News From Multiple Perspectives

Superannuation funds face scrutiny over performance benchmarks

Published July 15, 2026 at 9:02 PM UTC

Authored by
Every article published on DirectionFreeNews undergoes editorial review by our editorial team. Our editors research publicly available information from multiple trusted news organizations, compare differing perspectives, verify key facts, and publish balanced summaries intended to help readers better understand important events. Our editorial process is designed to reduce editorial bias by considering multiple reputable sources rather than relying on a single viewpoint

The Australian Prudential Regulation Authority (APRA) conducts an annual performance test to ensure superannuation funds are delivering adequate returns for their members. This regulatory measure assesses how well funds manage investments against objective benchmarks, aiming to protect the retirement savings of millions of Australians. When a product fails to meet these standards, it signals that the fund has underperformed relative to its peers and the broader market, prompting a mandatory notification process for affected members.

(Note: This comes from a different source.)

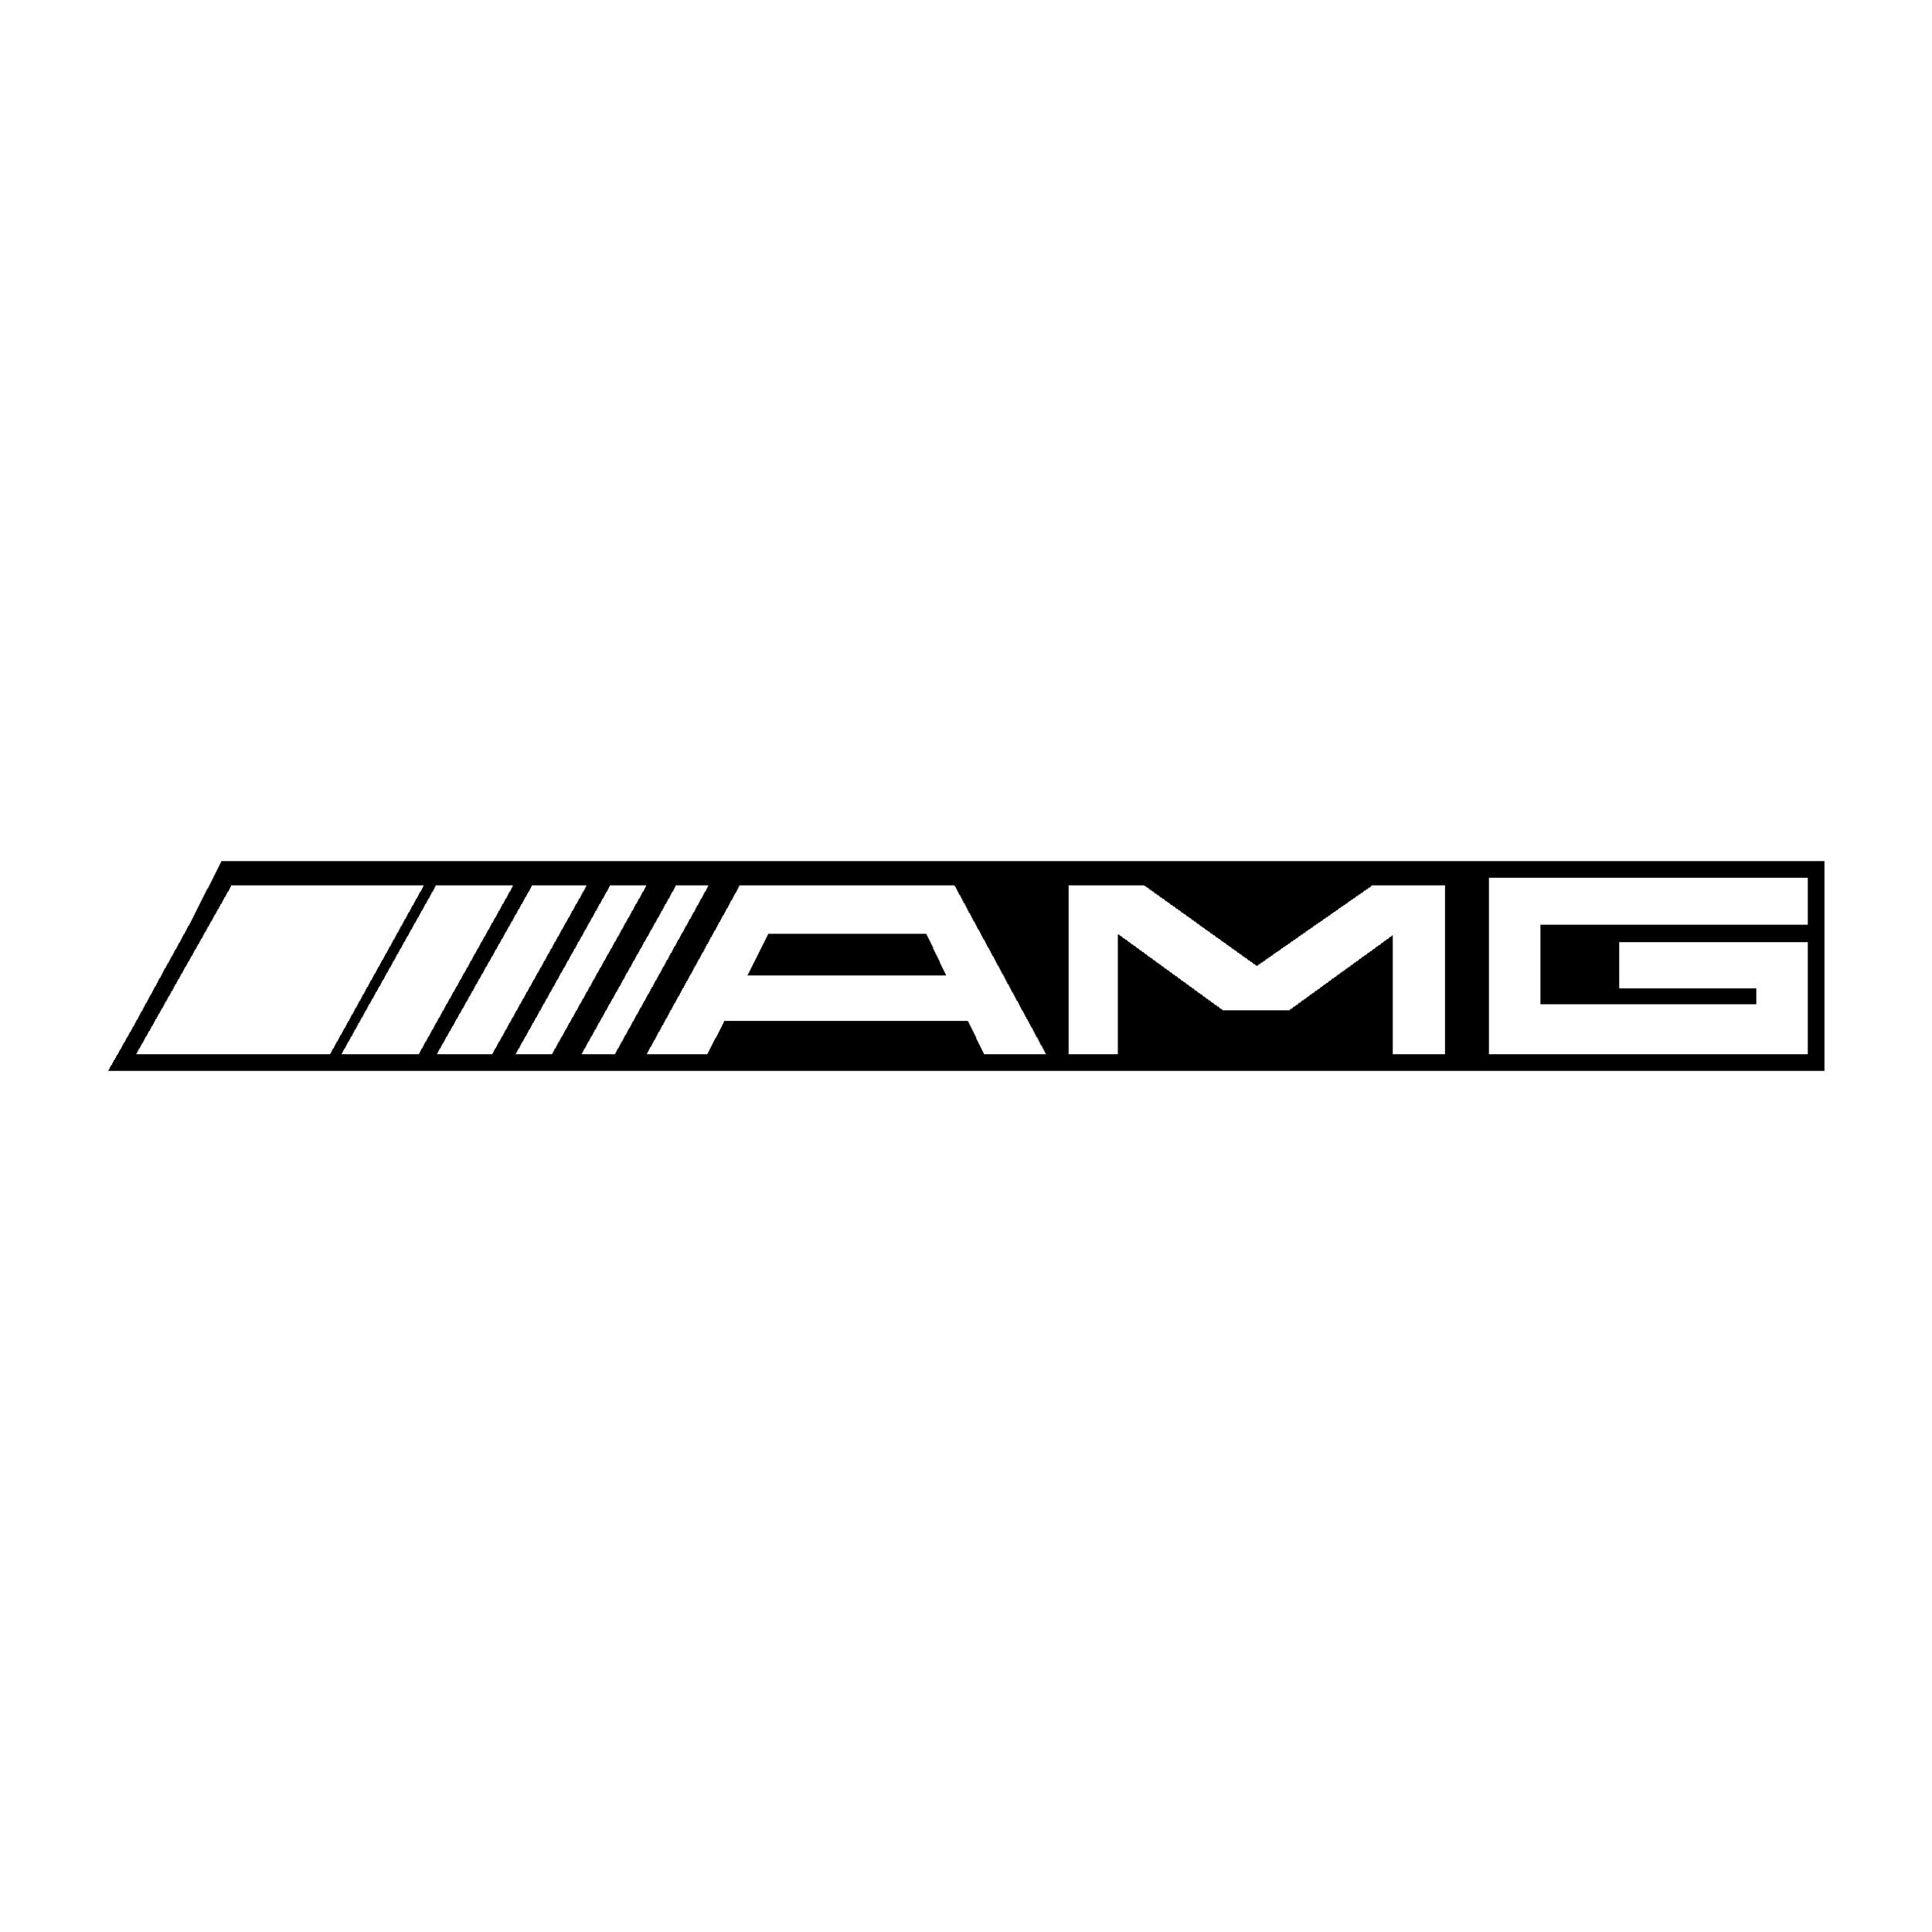 Stickers Amg Contours Sponsors Premstick

Funds that do not pass the test are required to inform their members directly, often advising them to review their options using government comparison tools. This transparency is designed to hold trustees accountable and encourage them to improve their investment strategies or reduce fees. For many members, receiving such a notice can be concerning, though it serves as a prompt to evaluate whether their current fund remains the best choice for their long-term financial goals.

If a product fails the performance test for two consecutive years, the consequences become more severe. The fund is prohibited from accepting new members into that specific product, which often forces the fund to consider merging with a better-performing entity. This mechanism acts as a safeguard, preventing capital from remaining trapped in persistently underperforming products that erode the value of retirement savings over time.

While the test has successfully reduced the number of members in underperforming products, it remains a focal point for industry discussion. As the regulatory landscape evolves, the focus remains on balancing strict accountability with the need for funds to pursue diverse investment strategies that can provide sustainable growth for members throughout their working lives.